● TASK TO CARRY OUT
In the listing below, locate the line containing "Lavender Dog Fart" and the line containing "Sandals Heels Block". Output both of them and every line between, exactly as written, and nothing more.

● SUPPLIED DATA
---

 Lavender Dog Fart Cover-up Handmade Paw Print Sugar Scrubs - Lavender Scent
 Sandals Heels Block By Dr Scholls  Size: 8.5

---

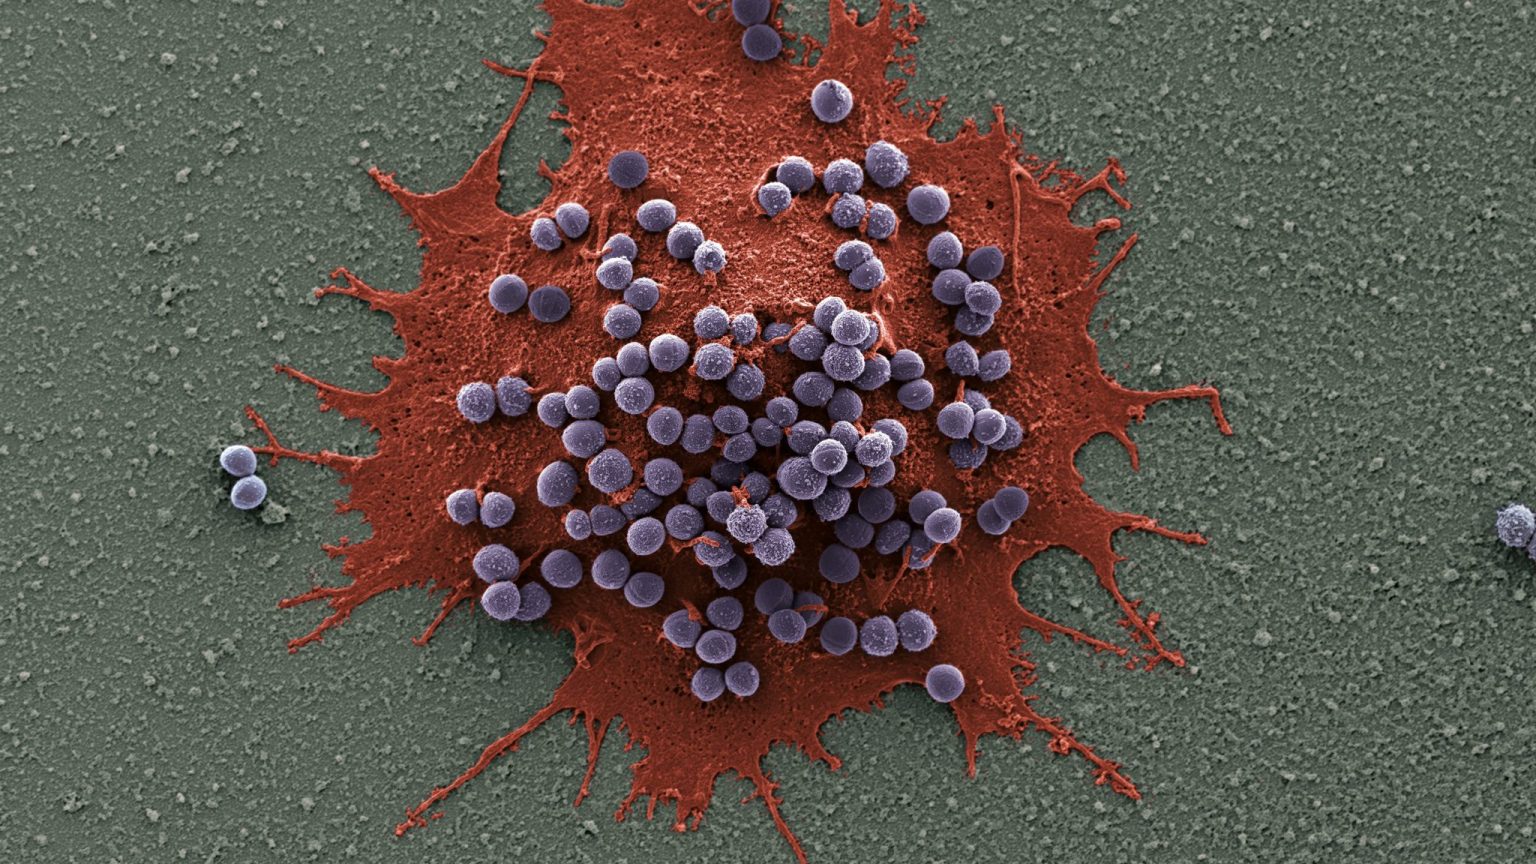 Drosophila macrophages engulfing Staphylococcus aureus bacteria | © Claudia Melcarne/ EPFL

---

● ANSWER TO THE EXERCISE
 Lavender Dog Fart Cover-up Handmade Paw Print Sugar Scrubs - Lavender Scent
 Sandals Heels Block By Dr Scholls  Size: 8.5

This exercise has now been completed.